WORK INSTRUCTION
Your response should give back each record exactly, word for word.

Stored records
======

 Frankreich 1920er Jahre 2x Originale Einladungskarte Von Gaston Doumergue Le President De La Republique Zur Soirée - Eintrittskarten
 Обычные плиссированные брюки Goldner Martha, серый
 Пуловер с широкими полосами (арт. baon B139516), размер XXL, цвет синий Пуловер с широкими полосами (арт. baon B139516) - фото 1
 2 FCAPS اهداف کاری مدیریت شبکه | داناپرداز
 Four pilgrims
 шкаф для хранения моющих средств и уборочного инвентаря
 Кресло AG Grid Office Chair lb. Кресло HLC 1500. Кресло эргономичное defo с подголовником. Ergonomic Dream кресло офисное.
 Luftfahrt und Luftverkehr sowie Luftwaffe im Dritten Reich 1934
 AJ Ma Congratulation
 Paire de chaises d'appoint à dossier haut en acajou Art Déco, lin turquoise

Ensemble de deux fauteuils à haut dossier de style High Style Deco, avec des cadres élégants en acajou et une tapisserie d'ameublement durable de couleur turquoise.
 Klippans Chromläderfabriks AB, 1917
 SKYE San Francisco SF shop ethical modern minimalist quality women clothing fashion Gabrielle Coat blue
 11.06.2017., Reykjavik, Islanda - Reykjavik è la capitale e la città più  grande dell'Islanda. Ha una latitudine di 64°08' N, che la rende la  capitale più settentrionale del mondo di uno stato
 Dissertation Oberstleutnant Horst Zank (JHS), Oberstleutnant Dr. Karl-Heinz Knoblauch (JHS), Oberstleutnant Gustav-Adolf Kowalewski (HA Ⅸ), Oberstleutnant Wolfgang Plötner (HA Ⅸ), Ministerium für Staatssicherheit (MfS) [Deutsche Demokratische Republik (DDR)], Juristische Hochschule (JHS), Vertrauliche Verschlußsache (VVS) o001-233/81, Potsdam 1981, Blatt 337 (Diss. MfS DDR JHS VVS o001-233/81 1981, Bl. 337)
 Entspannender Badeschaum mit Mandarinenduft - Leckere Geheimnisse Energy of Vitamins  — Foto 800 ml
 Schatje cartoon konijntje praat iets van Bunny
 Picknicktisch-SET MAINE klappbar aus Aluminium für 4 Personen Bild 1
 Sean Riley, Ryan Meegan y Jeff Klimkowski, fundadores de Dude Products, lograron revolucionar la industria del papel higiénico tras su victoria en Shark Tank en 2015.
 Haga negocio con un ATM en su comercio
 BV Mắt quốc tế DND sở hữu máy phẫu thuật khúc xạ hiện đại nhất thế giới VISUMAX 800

======

ANSWER
 Frankreich 1920er Jahre 2x Originale Einladungskarte Von Gaston Doumergue Le President De La Republique Zur Soirée - Eintrittskarten
 Обычные плиссированные брюки Goldner Martha, серый
 Пуловер с широкими полосами (арт. baon B139516), размер XXL, цвет синий Пуловер с широкими полосами (арт. baon B139516) - фото 1
 2 FCAPS اهداف کاری مدیریت شبکه | داناپرداز
 Four pilgrims
 шкаф для хранения моющих средств и уборочного инвентаря
 Кресло AG Grid Office Chair lb. Кресло HLC 1500. Кресло эргономичное defo с подголовником. Ergonomic Dream кресло офисное.
 Luftfahrt und Luftverkehr sowie Luftwaffe im Dritten Reich 1934
 AJ Ma Congratulation
 Paire de chaises d'appoint à dossier haut en acajou Art Déco, lin turquoise

Ensemble de deux fauteuils à haut dossier de style High Style Deco, avec des cadres élégants en acajou et une tapisserie d'ameublement durable de couleur turquoise.
 Klippans Chromläderfabriks AB, 1917
 SKYE San Francisco SF shop ethical modern minimalist quality women clothing fashion Gabrielle Coat blue
 11.06.2017., Reykjavik, Islanda - Reykjavik è la capitale e la città più  grande dell'Islanda. Ha una latitudine di 64°08' N, che la rende la  capitale più settentrionale del mondo di uno stato
 Dissertation Oberstleutnant Horst Zank (JHS), Oberstleutnant Dr. Karl-Heinz Knoblauch (JHS), Oberstleutnant Gustav-Adolf Kowalewski (HA Ⅸ), Oberstleutnant Wolfgang Plötner (HA Ⅸ), Ministerium für Staatssicherheit (MfS) [Deutsche Demokratische Republik (DDR)], Juristische Hochschule (JHS), Vertrauliche Verschlußsache (VVS) o001-233/81, Potsdam 1981, Blatt 337 (Diss. MfS DDR JHS VVS o001-233/81 1981, Bl. 337)
 Entspannender Badeschaum mit Mandarinenduft - Leckere Geheimnisse Energy of Vitamins  — Foto 800 ml
 Schatje cartoon konijntje praat iets van Bunny
 Picknicktisch-SET MAINE klappbar aus Aluminium für 4 Personen Bild 1
 Sean Riley, Ryan Meegan y Jeff Klimkowski, fundadores de Dude Products, lograron revolucionar la industria del papel higiénico tras su victoria en Shark Tank en 2015.
 Haga negocio con un ATM en su comercio
 BV Mắt quốc tế DND sở hữu máy phẫu thuật khúc xạ hiện đại nhất thế giới VISUMAX 800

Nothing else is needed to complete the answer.